Authorities in Uttar Pradesh confirmed on Wednesday that a police officer had been arrested in connection with the alleged incident, which has sparked outrage in India as many accused the police of helping perpetuate a systemic culture of sexual violence.
In a tweet on Wednesday, Priyanka Gandhi Vadra, a senior politician from India’s opposition Congress party, said wrote: “If police stations are not safe for women, where will they complain?”
An investigation is underway into the alleged incident at a police station in the state’s Lalitpur district. After his arrest, the officer at the center of the allegation told reporters he was innocent and called for an independent investigation. All officers on duty at the time of the alleged incident have been reprimanded and police say action will be taken against them if found guilty of a crime.
Separately, four men were arrested in April for allegedly kidnapping and raping the minor, according to police. They allegedly took the girl to the neighboring state of Madhya Pradesh, where she was raped and held for four days, police said. A woman was also arrested in connection with the alleged incident, police said.

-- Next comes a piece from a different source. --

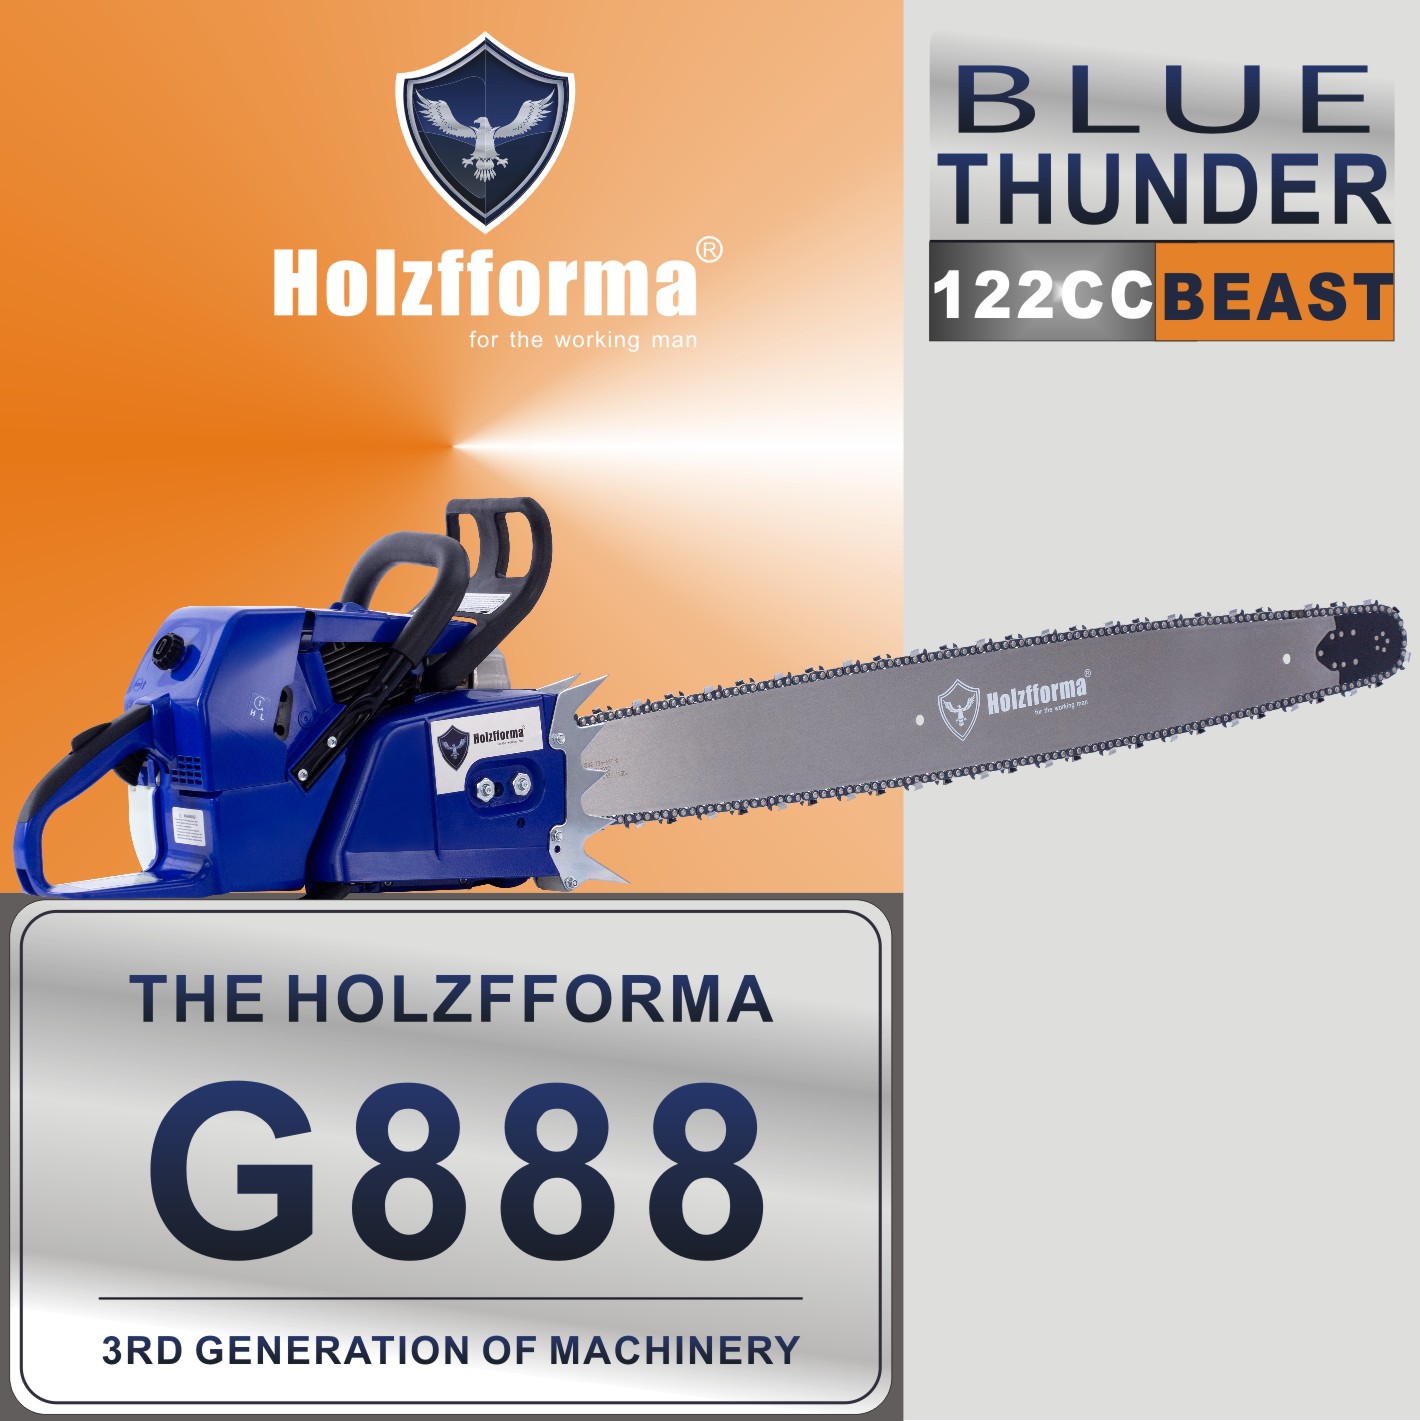 Tronçonneuse Holzfforma G888 122cc guide de 60 à 105cm de coupe

They were also accused of violating current Indian laws protecting minority castes, police said. The five have not been formally charged.
The girl belonged to India’s Dalit community, Lalitpur Police Additional Superintendent Girijesh Kumar told CNN on Thursday. The accused police officer is also a Dalit, Kumar said.
The alleged incident is the latest in a string of high-profile crimes against women and minorities across India and embodies what critics say is widespread internalized misogyny and support for patriarchal values.
More than 28,000 cases of alleged sexual assault against minors were reported in 2020, according to the latest figures from India’s National Crime Records Bureau. However, activists believe the real number is much higher because rape is often underreported in other countries.
In a statement Wednesday, India’s National Human Rights Commission (NHRC) described this month’s alleged incident as a “human rights abuse.”
Caste-based violence against women and girls
India’s 2,000-year-old caste system categorizes Hindus at birth, defining their status in society, what jobs they can hold and who they can marry.
It was officially abolished in 1950, but the social hierarchy still exists in many parts of the Hindu-majority nation.
According to government figures, Dalits make up around 201 million of India’s 1.3 billion population. They have been labeled the “untouchables” in the past and continue to face rampant discrimination, sexual violence and assaults.
A spate of violent crimes and sexual assaults against Dalit women and girls has sparked outrage in recent years.
In August last year, four men, including a Hindu priest, were charged with the rape and murder of a nine-year-old Dalit girl in the Indian capital, Delhi.
The incident followed the gang rape and death in September 2020 from a 19-year-old Dalit woman in Uttar Pradesh. Just a month earlier, another 13-year-old Dalit girl was raped and murdered in the state. In 2019, two Dalit children were reportedly beaten to death after defecating outdoors. And in 2018, in the southern state of Tamil Nadu, a 13-year-old lower-caste girl was beheaded, allegedly by a higher-caste attacker.
Activists and opposition politicians say the crimes reflect an atmosphere of hatred fueled in part by a rise in hardline Hindu nationalism.
Sexual violence is used by dominant castes to oppress Dalit women and girls, according to a 2020 report by the NGO Equality Now.
Her research found that Dalit women and girls in northern Haryana state are often denied access to justice in cases of sexual violence due to the “pervasive culture of impunity, particularly when perpetrators are from a dominant caste”.
The organization called on the government to ensure greater police accountability and effective law enforcement to protect caste-based minorities.
In March 2020, then-Junior Member of the Home Office G. Kishan Reddy, in a written response to Parliament, said the government had “a duty to ensure the protection” of people from marginalized castes. He added that the laws were amended in 2015 to strengthen both preventive and punitive measures for crimes against Dalits.